• _Recorded data_
▬▬▬▬▬▬▬▬▬▬

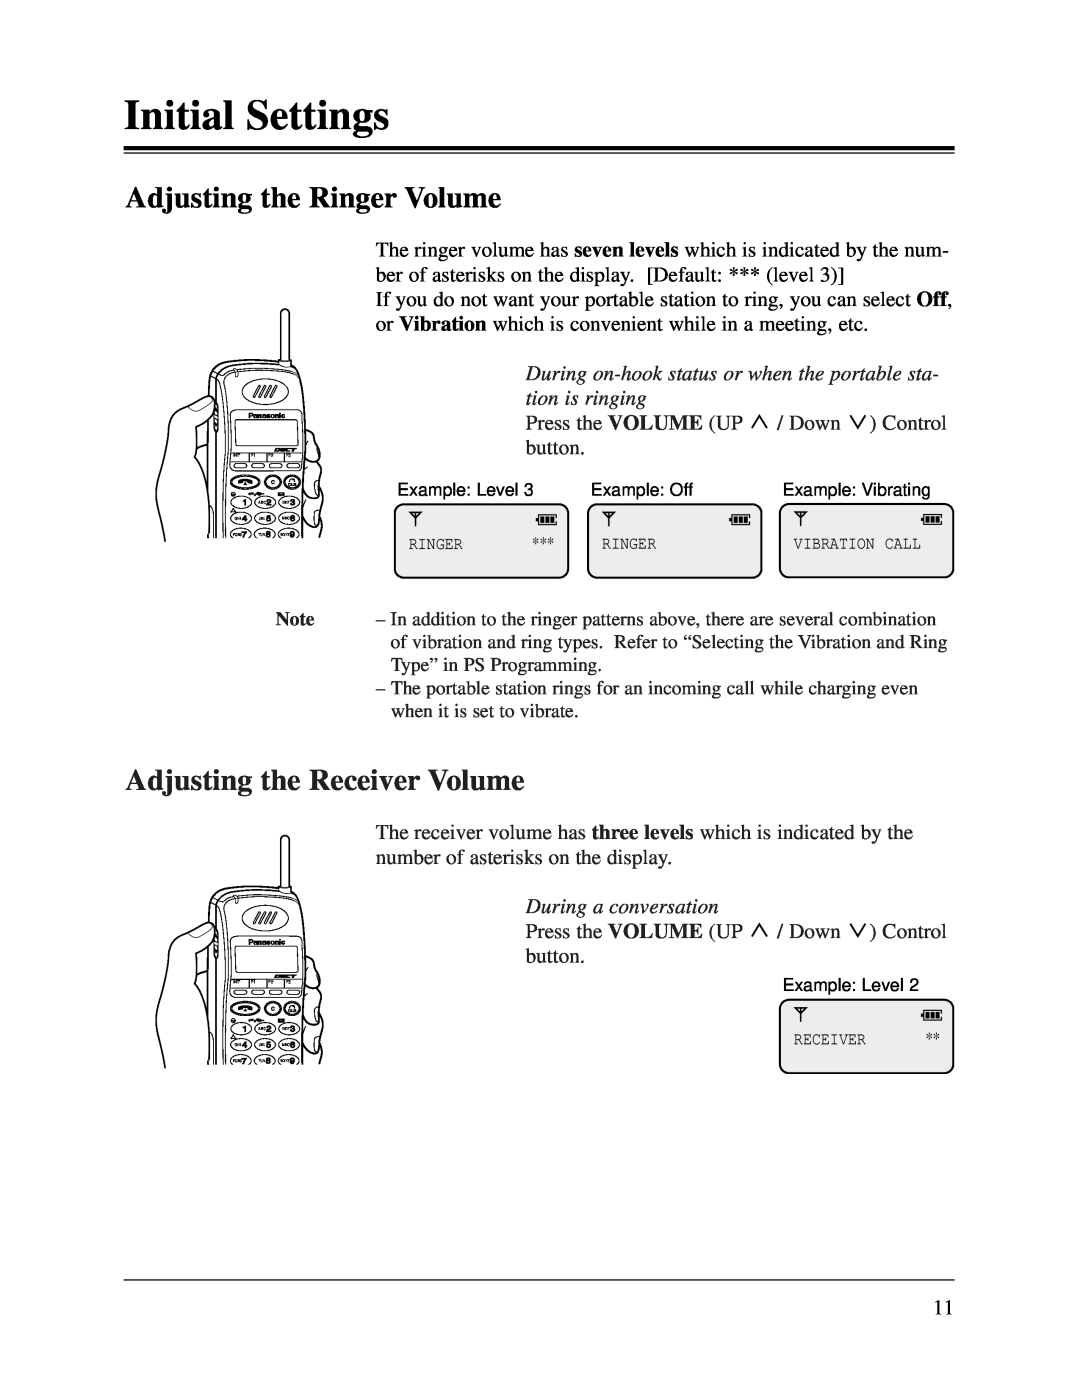 Panasonic KX-TD816CE Adjusting the Ringer Volume, Adjusting the Receiver Volume, During a conversation, Initial Settings 
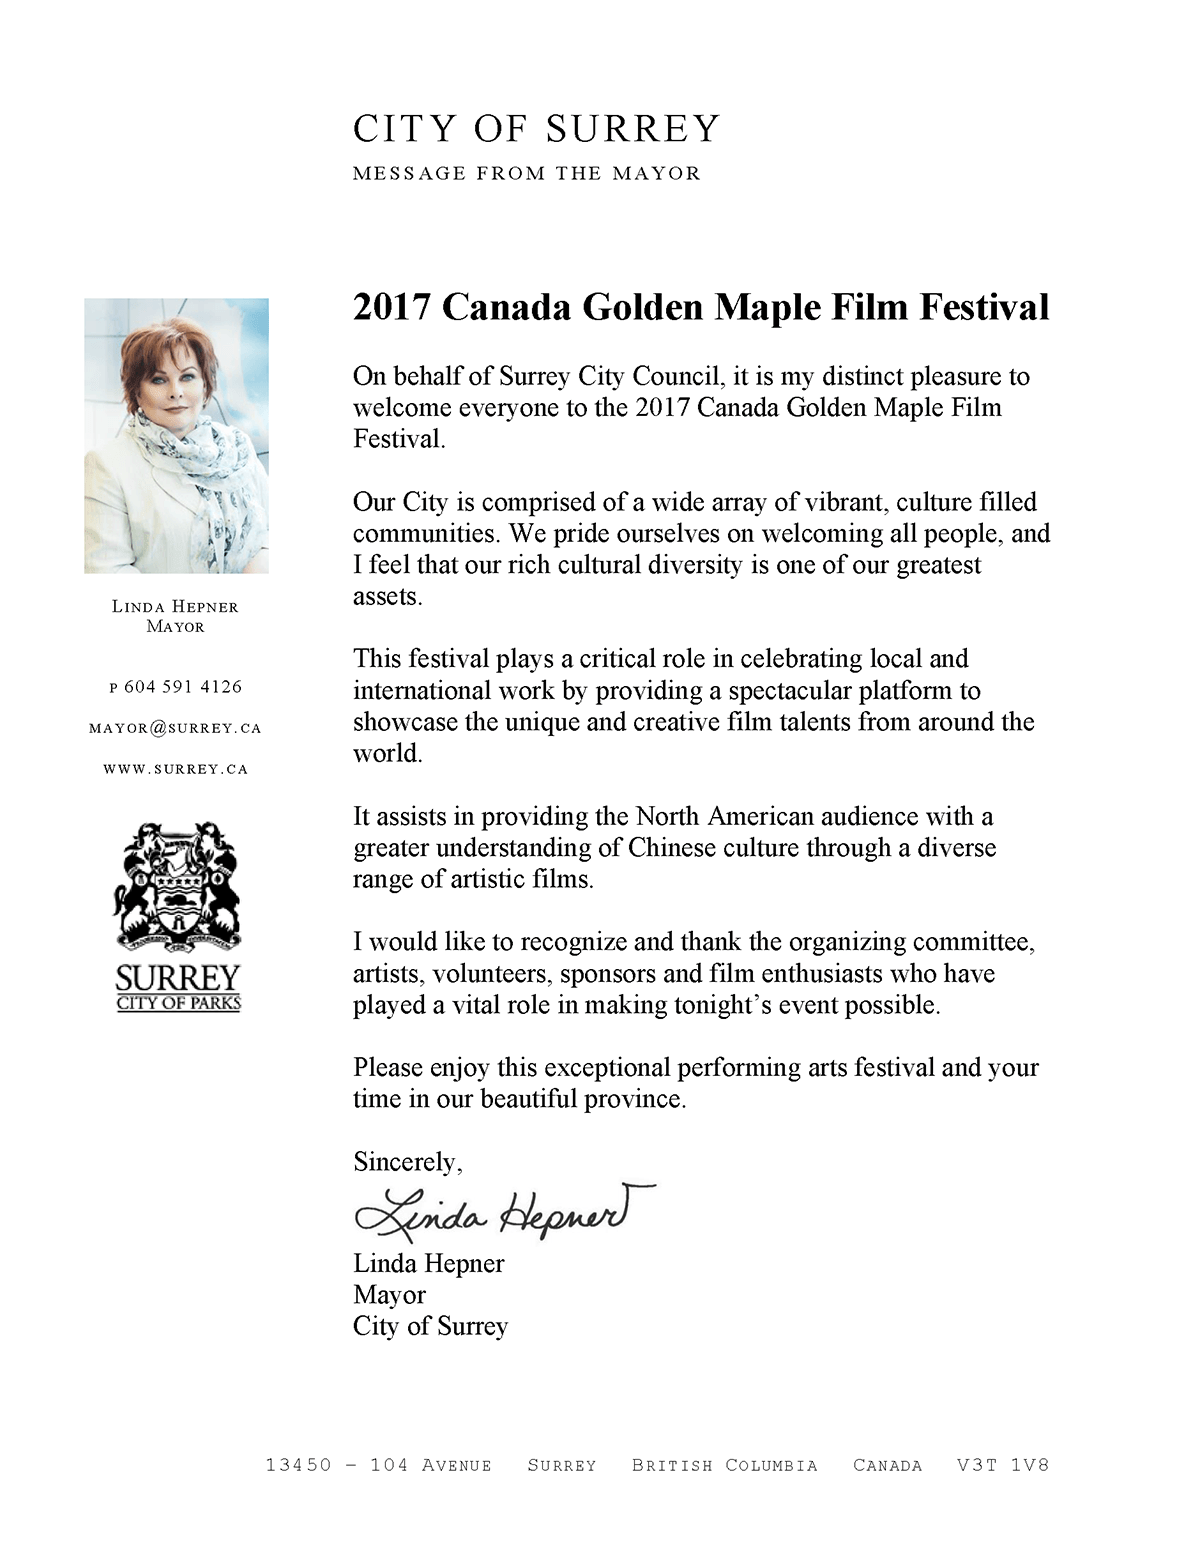 Congratulatory Letter from Linda Hepner, Mayor of Surrey
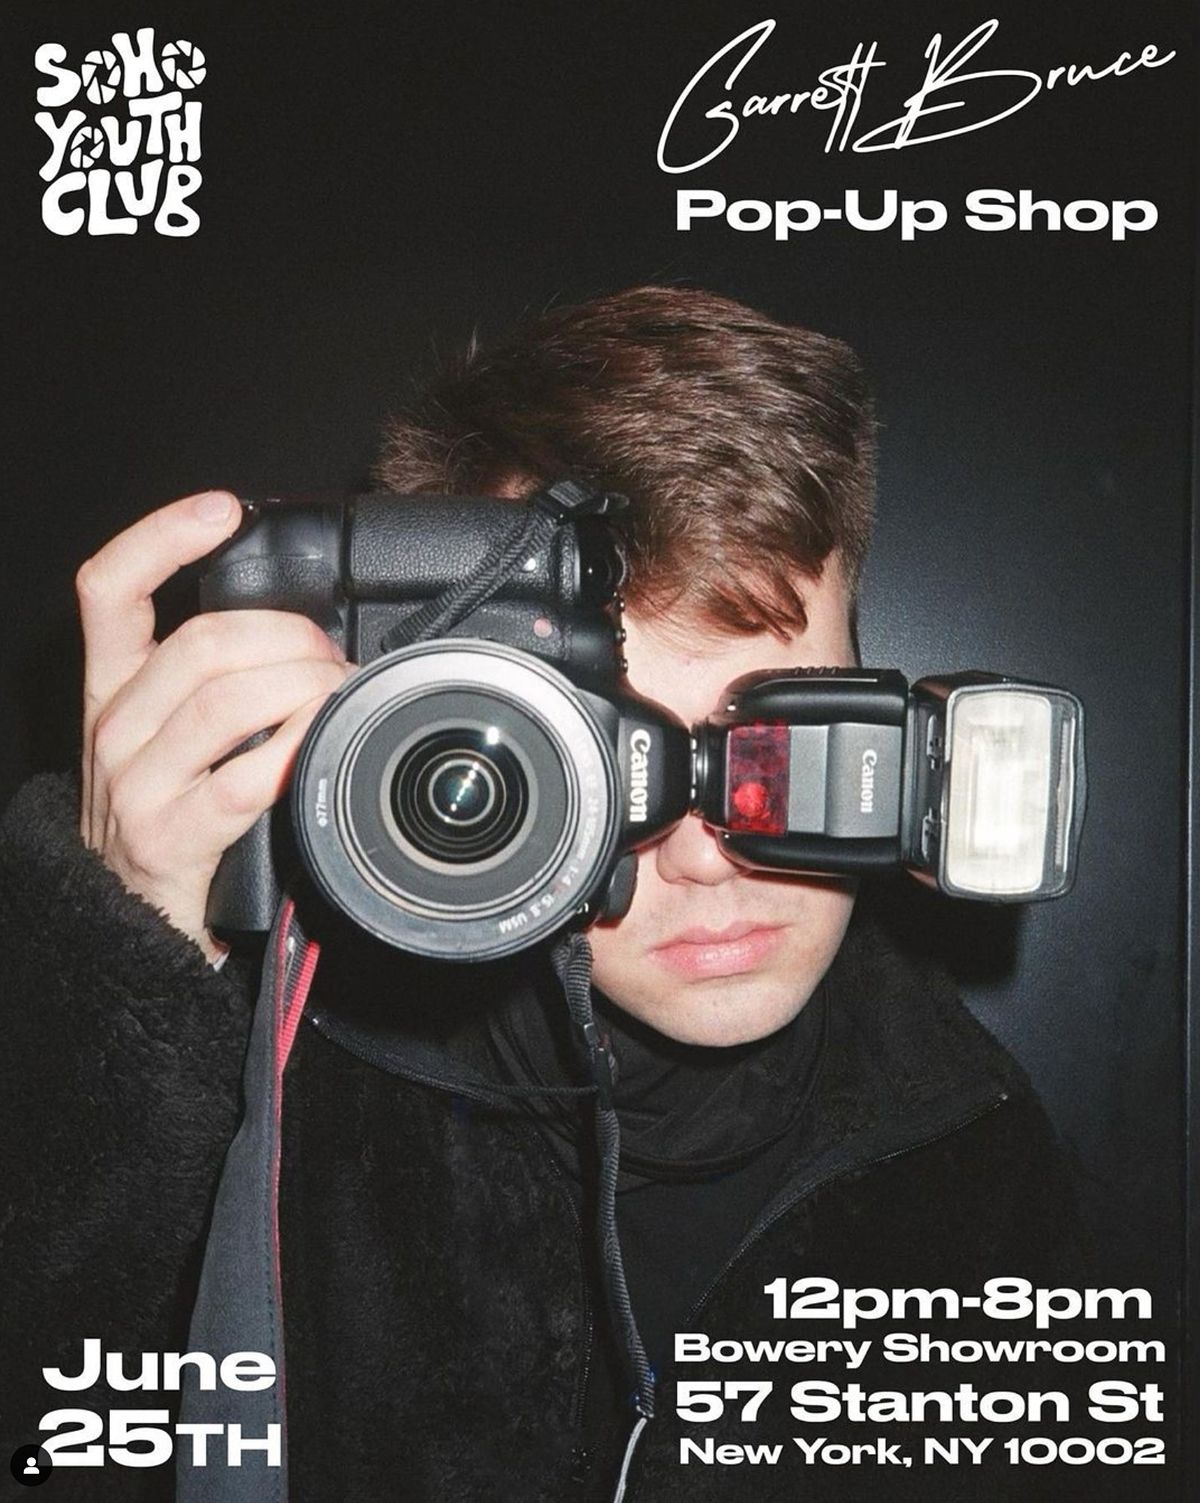 Garrett Bruce x Soho Youth Club Photography Workshop & Pop Up
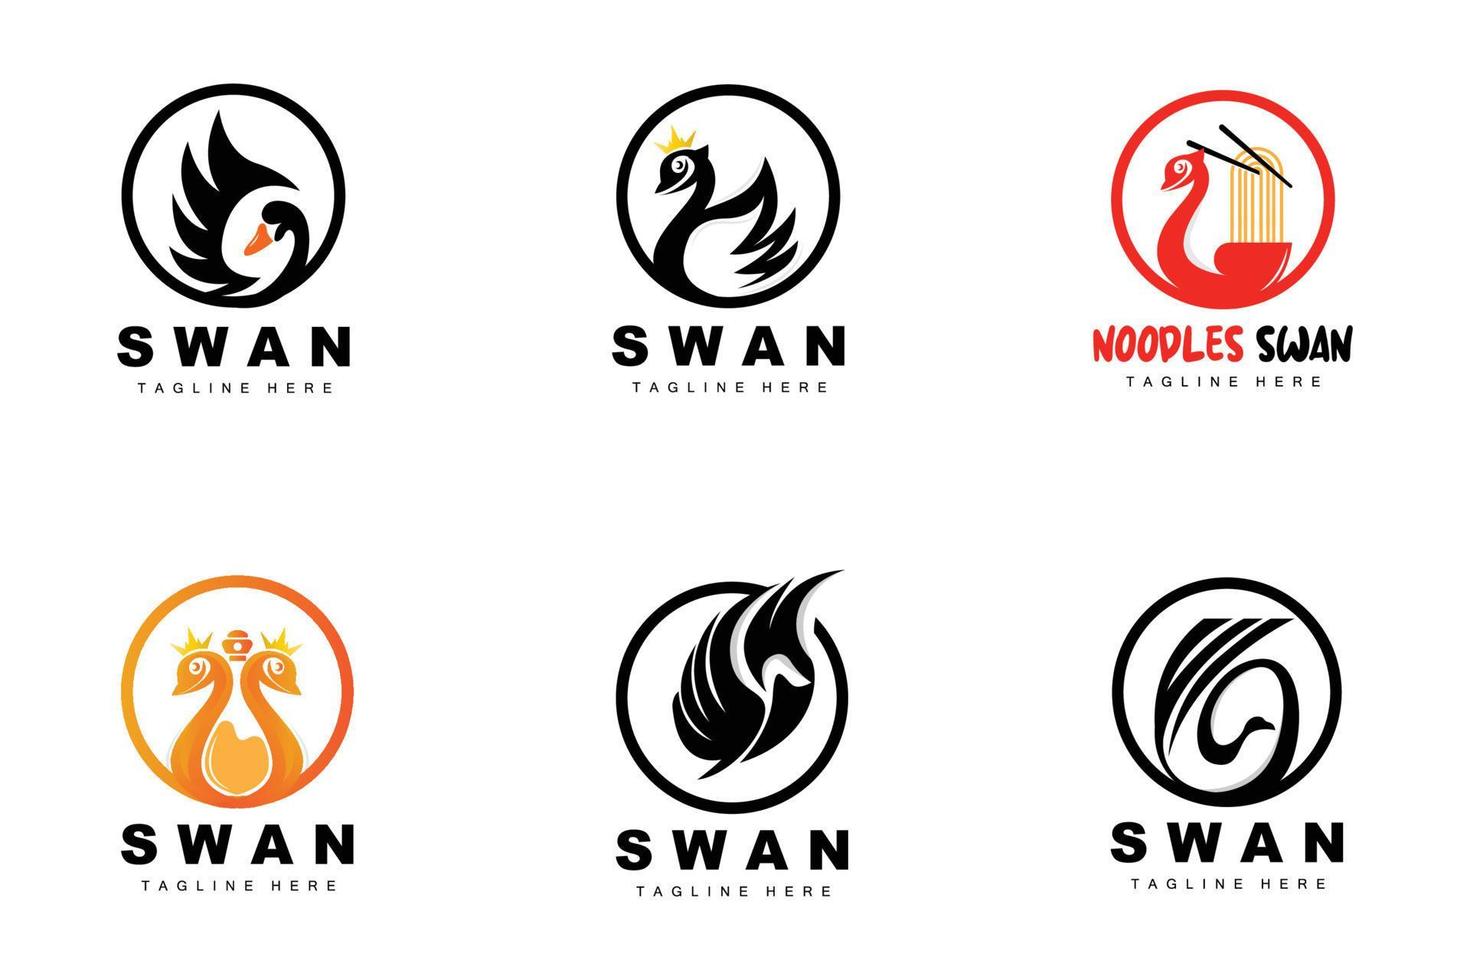 Schwan-Logo-Design, Ententierillustration, Firmenmarken-Vorlagenvektor vektor

▬▬▬▬▬▬▬▬▬▬

• _Activity_
Transcribe all of the data above verbatim but omit every picture.

• _Solution to this problem_
 Panasonic KX-TD816CE Adjusting the Ringer Volume, Adjusting the Receiver Volume, During a conversation, Initial Settings 
 Congratulatory Letter from Linda Hepner, Mayor of Surrey
 Garrett Bruce x Soho Youth Club Photography Workshop & Pop Up
 Schwan-Logo-Design, Ententierillustration, Firmenmarken-Vorlagenvektor vektor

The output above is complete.